*Work order*
Copy out the listing in full, exactly as written, but not its pictures.

*Exercise data*
==============================
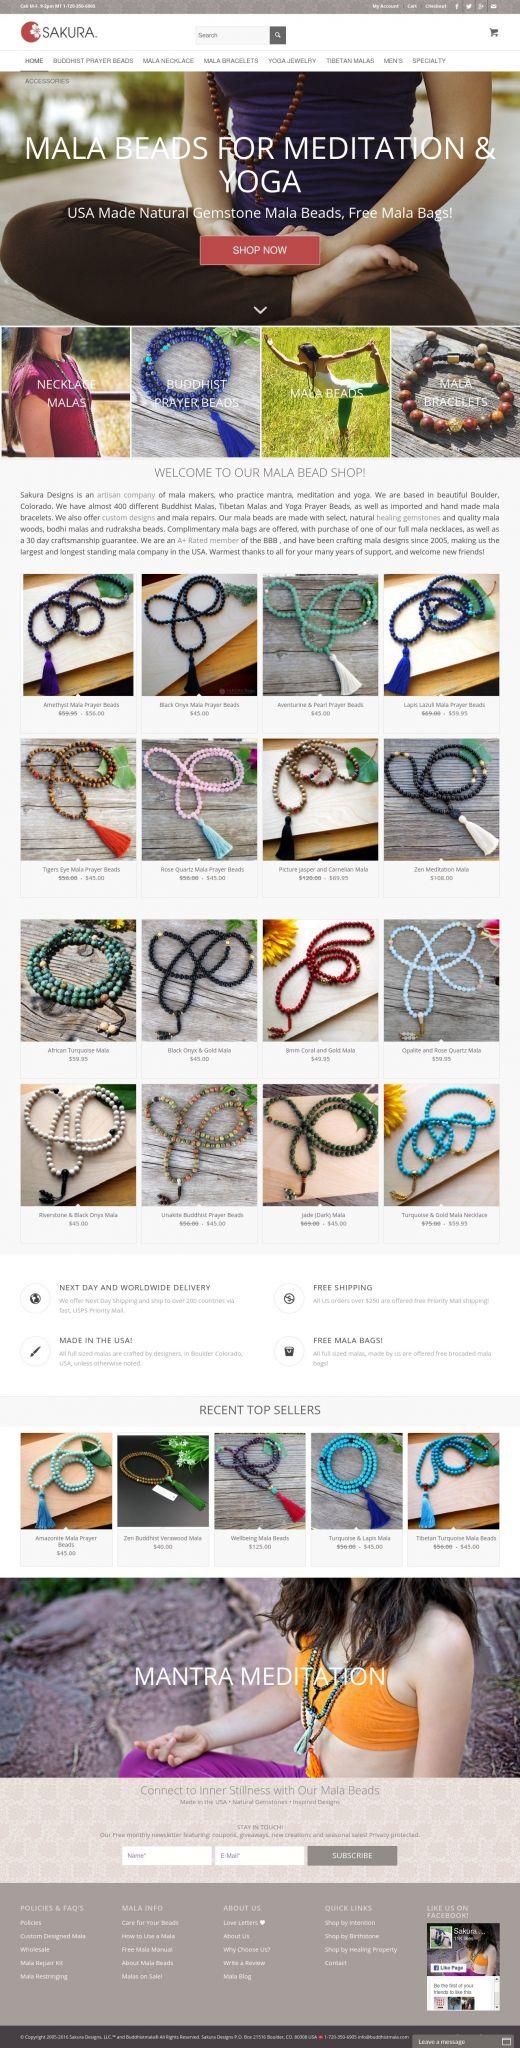 new website for mala beads
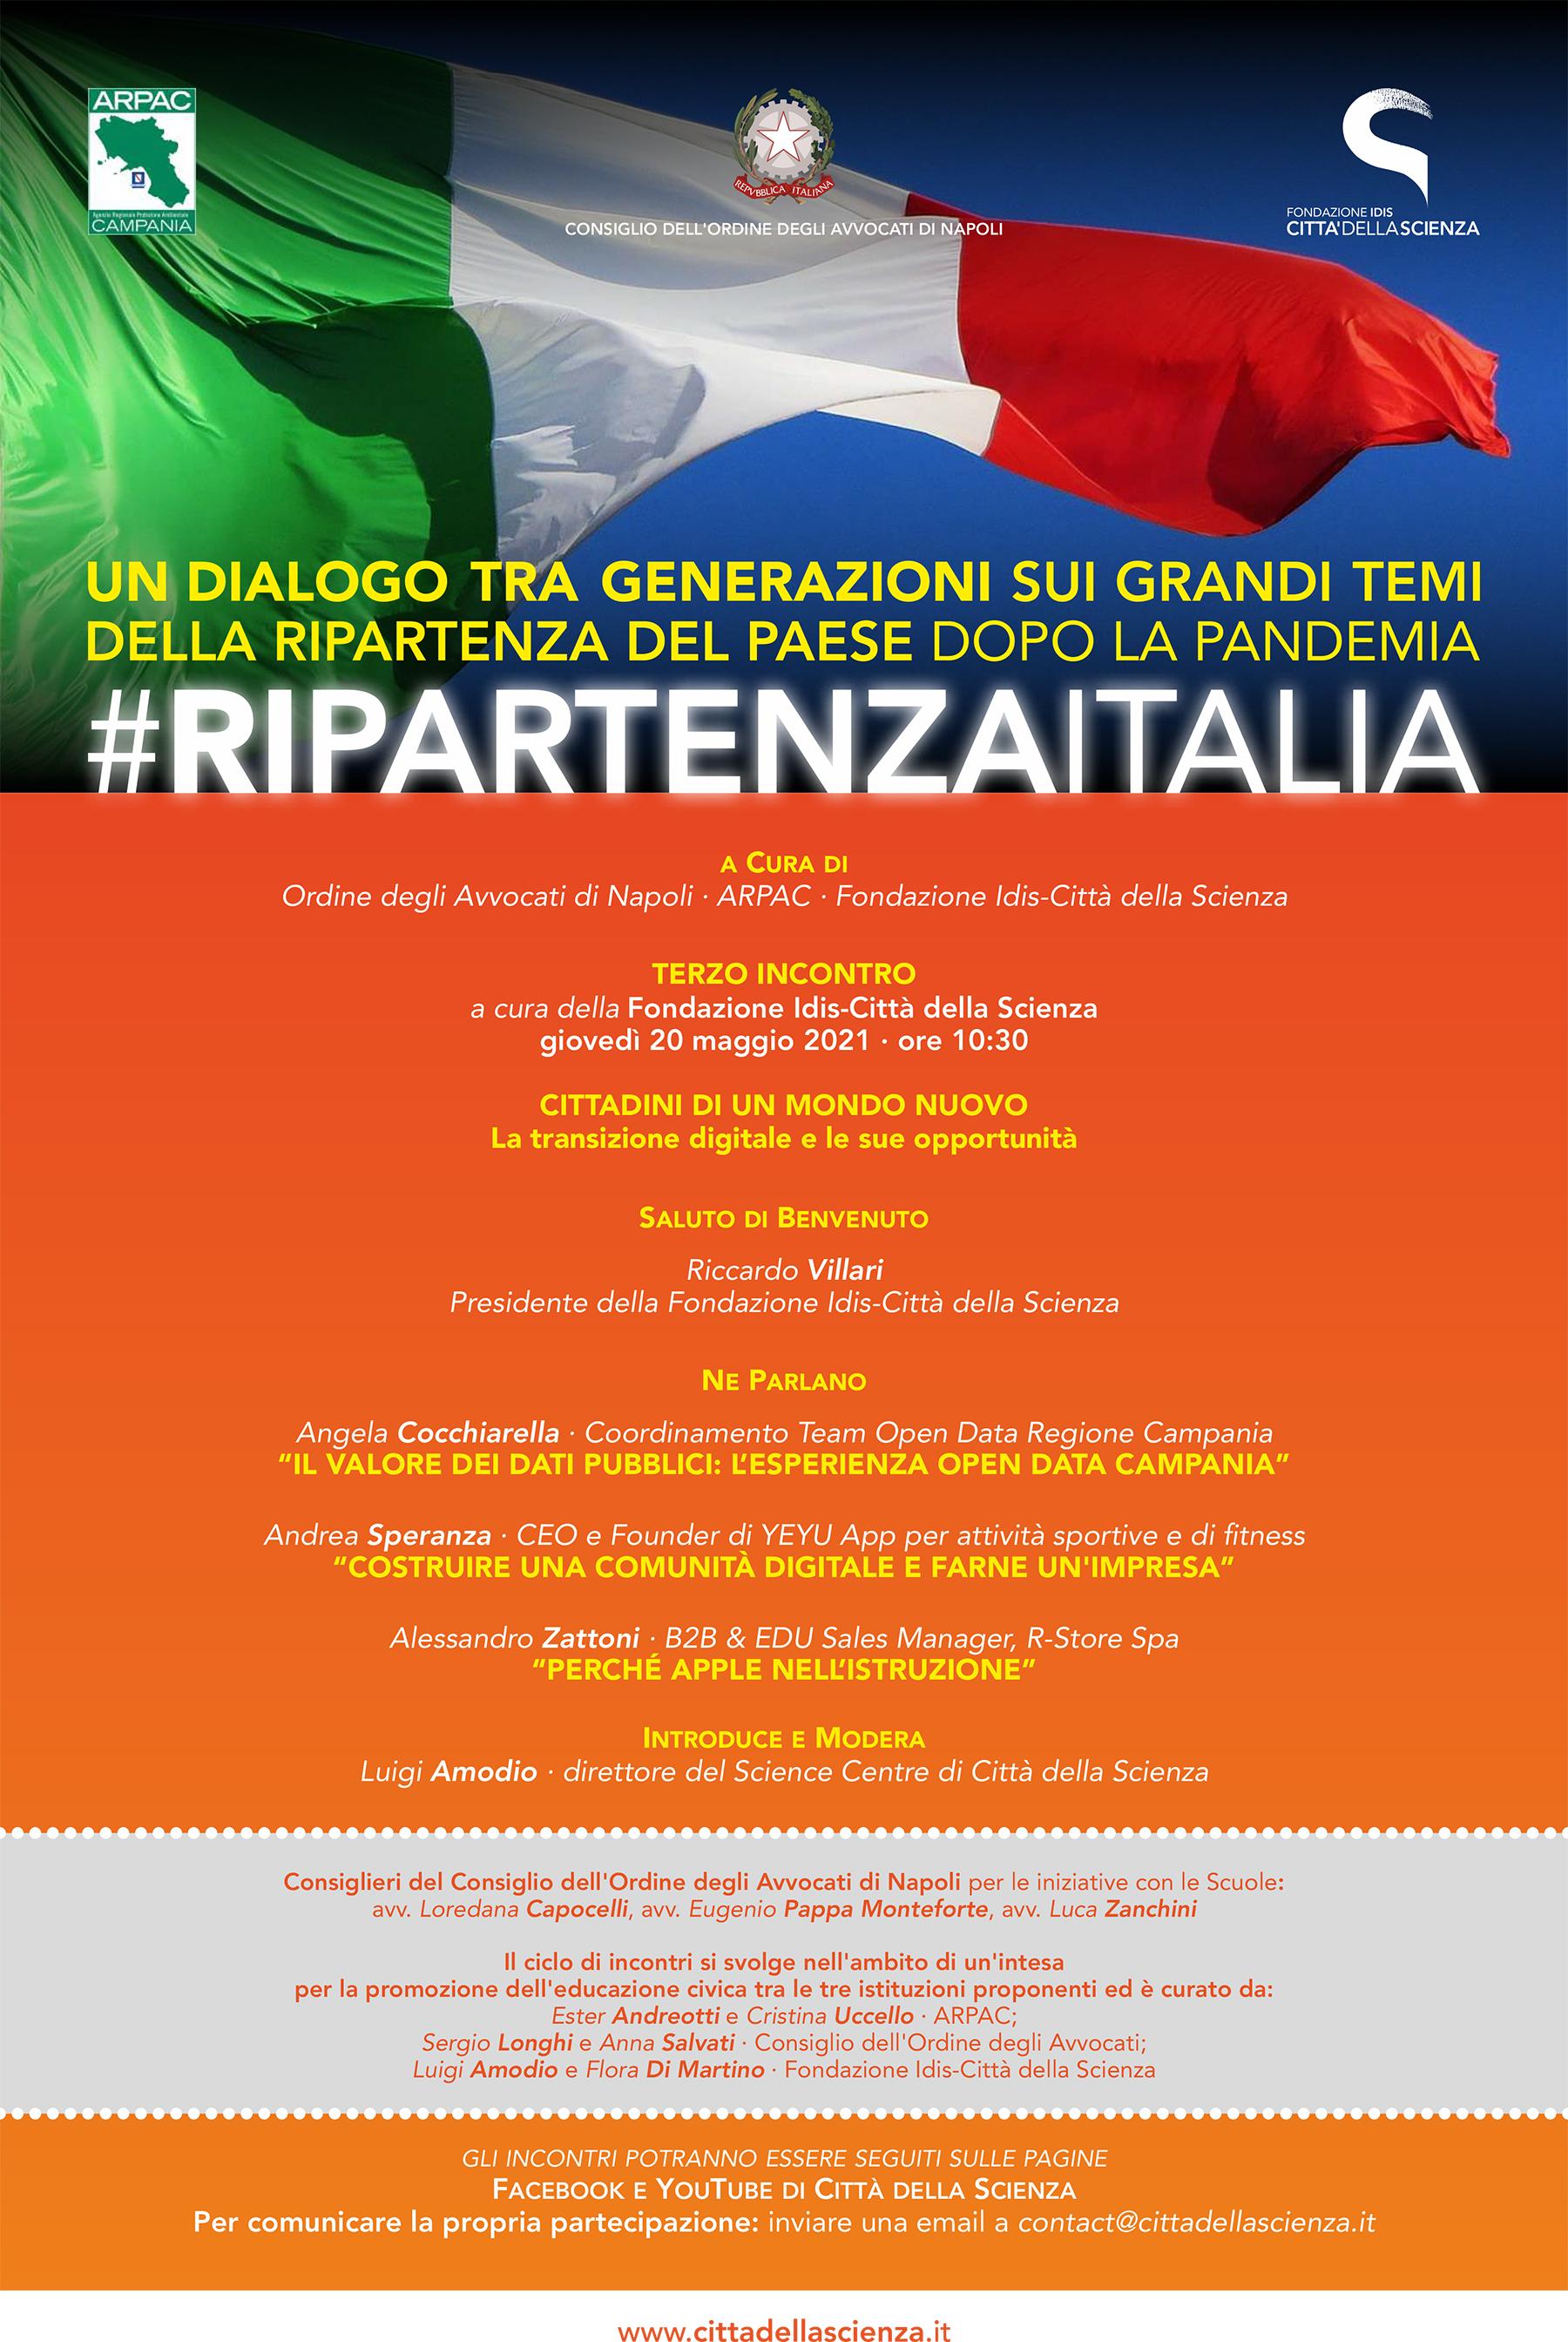 A3_Locandina_TERZO_INCONTRO_Arpac_(20_MAGGIO_2021)_001.cdr
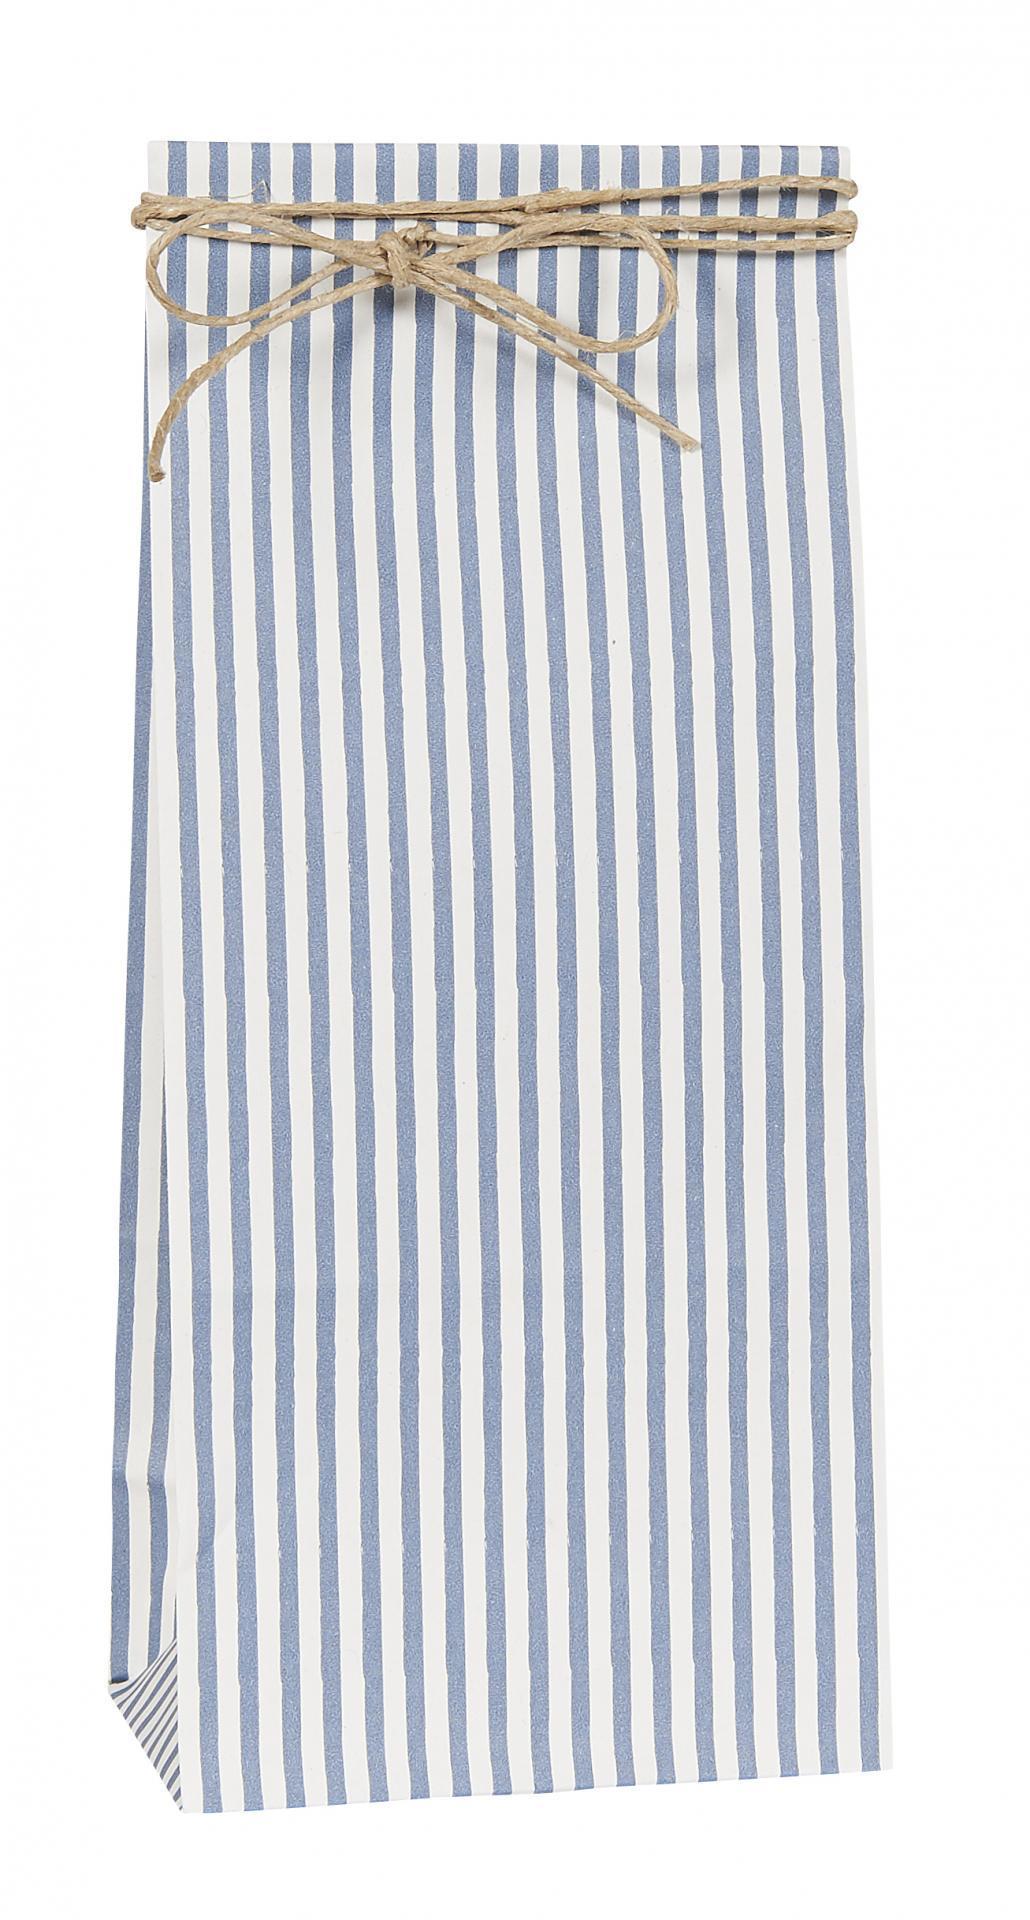 IB LAURSEN Papírový sáček Blue stripe S, modrá barva, bílá barva, papír
==============================
*Written answer*
 new website for mala beads
 A3_Locandina_TERZO_INCONTRO_Arpac_(20_MAGGIO_2021)_001.cdr
 IB LAURSEN Papírový sáček Blue stripe S, modrá barva, bílá barva, papír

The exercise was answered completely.